Turkish premier invites 3 more PMs to OIC's Gaza summit

Turkish premier invites 3 more PMs to OIC's Gaza summit

Binali Yildirim requests presence of Libyan, Nigerien and Iraqi prime ministers at Istanbul summit on Gaza violence

By Aynur Ekiz

ANKARA (AA) – Turkish Prime Minister Binali Yildirim invited his three counterparts from Libya, Nigeria and Iraq to Friday’s emergency summit of the Organization of Islamic Cooperation (OIC), according to prime ministerial sources on Thursday.

Yildirim phoned Libya's Fayez al-Sarraj, Nigerien Prime Minister Brigi Rafini and his Iraqi counterpart Haider al-Abadi to invite them to the emergency OIC summit to be held in Istanbul on Friday, the sources from the Turkish Prime Ministry confirmed.

On Tuesday, Yildirim invited Bangladesh's Sheikh Hasina Wazed, Morocco’s Saadeddine Othmani, Pakistan’s Shahid Khaqan Abbasi, Abdullah bin Nasır es-Sani from Qatar and Algeria's Ahmed Ouyahia -- all premiers -- to join the summit meeting.

The Istanbul summit meeting -- called for by Turkish President Recep Tayyip Erdogan -- is expected to send a strong message against the Israeli violence that martyred, according to the Palestinian Health Ministry, at least 62 Palestinians, the youngest of whom was eight months old, during mass rallies Monday along Gaza's eastern border.

A large number of heads of state and government including Palestinian Prime Minister Rami Hamdallah, King Abdullah II of Jordan, Iranian President Hassan Rouhani, Afghan President Ashraf Ghani, Kuwaiti Emir Sabah al-Ahmad al-Jaber al-Sabah and Mauritanian President Mohamed Ould Abdel Aziz are expected to participate in the summit.

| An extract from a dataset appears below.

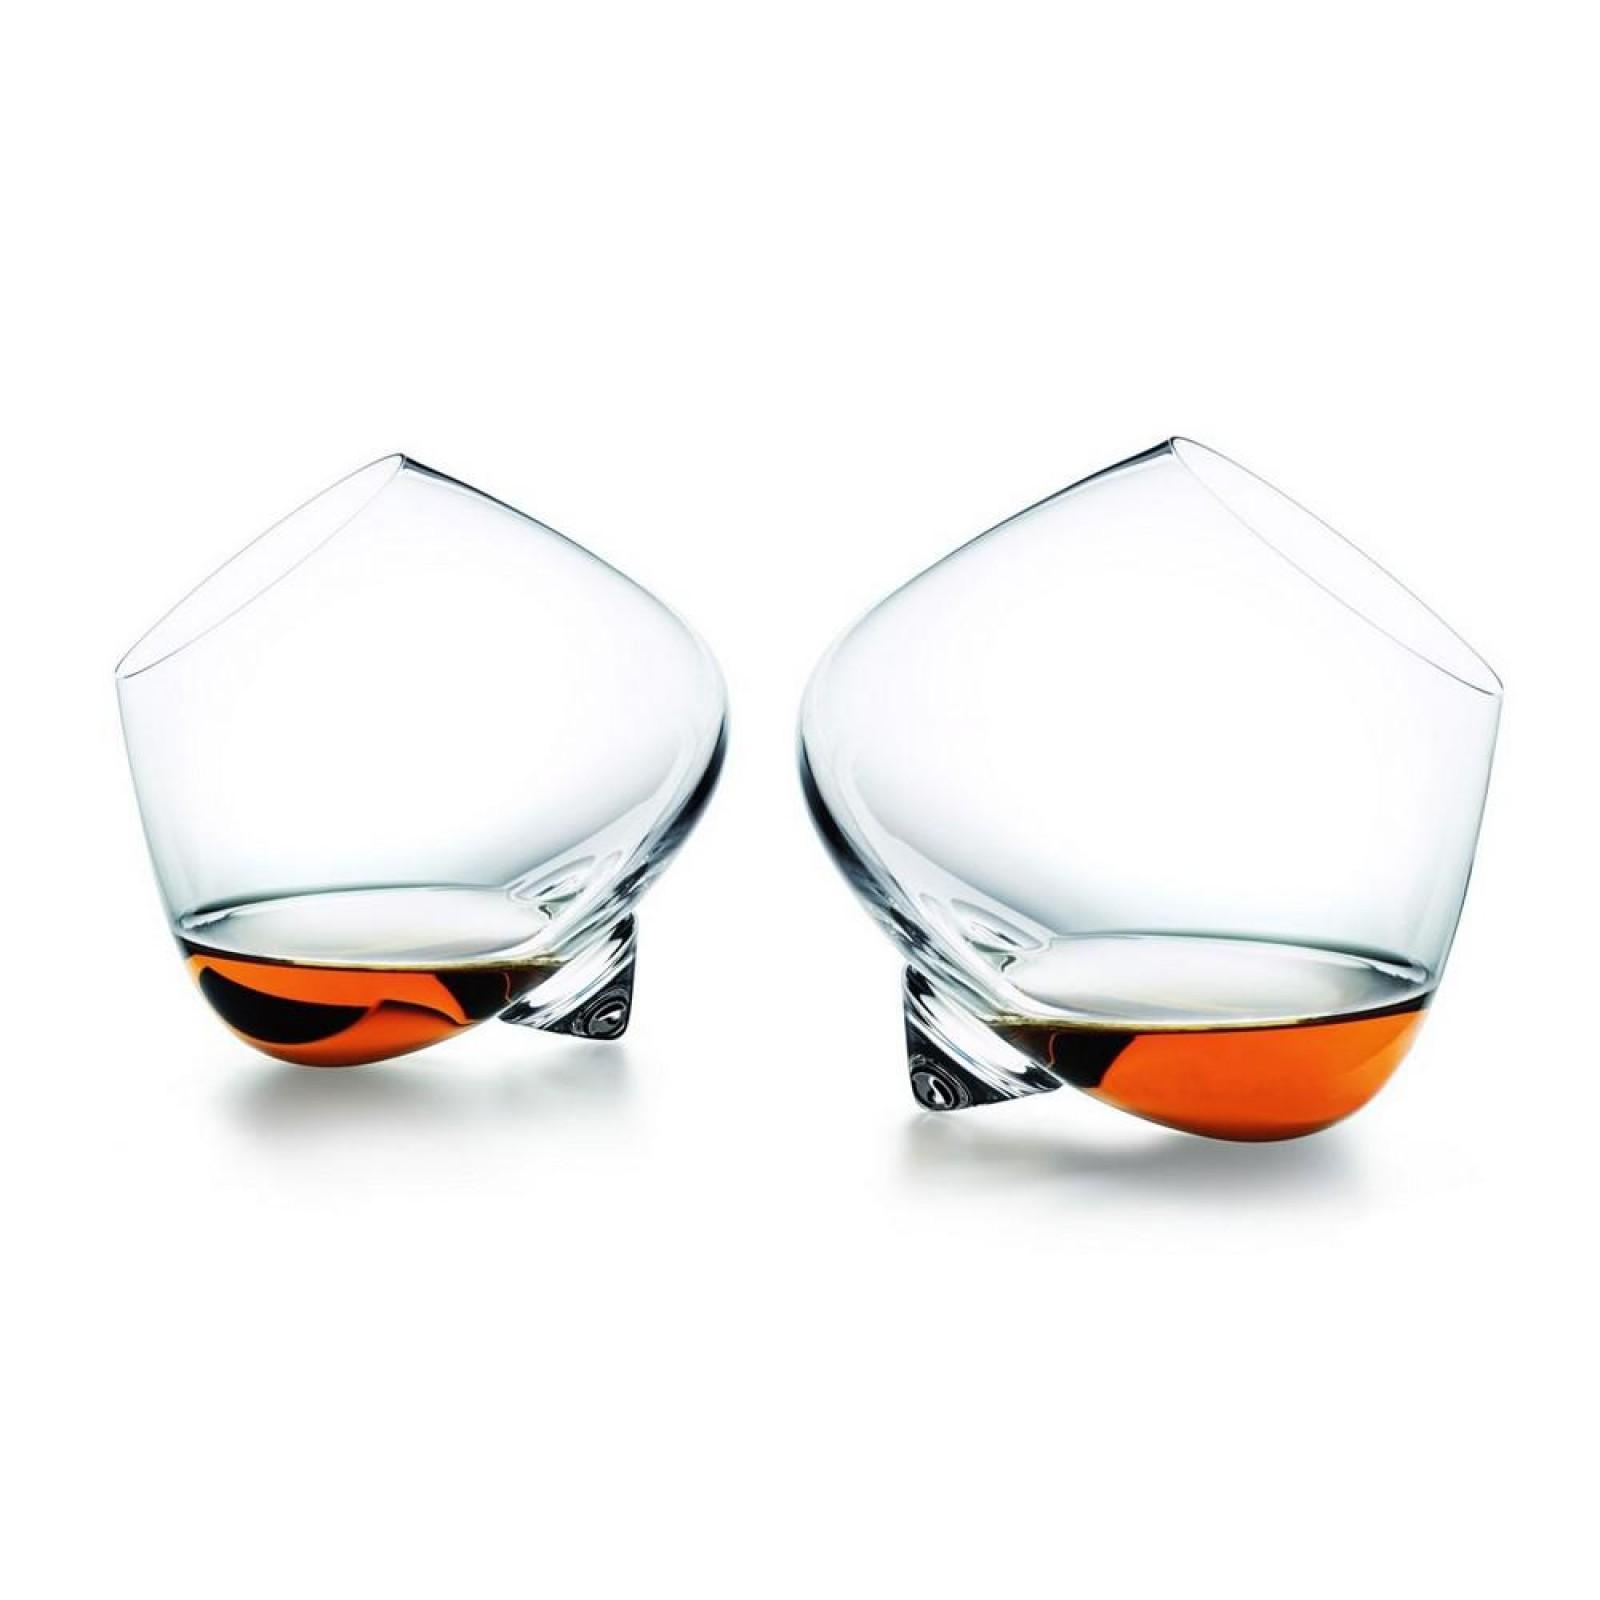 Ποτήρια Κονιάκ (σετ των 2) - Normann Copenhagen

Since the mass Gaza rallies began on March 30, more than 100 Palestinian protesters have been martyred by cross-border Israeli army gunfire.

Monday’s protests in Gaza had coincided with Israel’s 70th anniversary -- an event Palestinians refer to as Nakba or the Catastrophe -- and the relocation of the U.S. Embassy to Israel from Tel Aviv to Jerusalem.

Last week, the Israeli government claimed the ongoing border protests constituted a “state of war” in which international humanitarian law does not apply.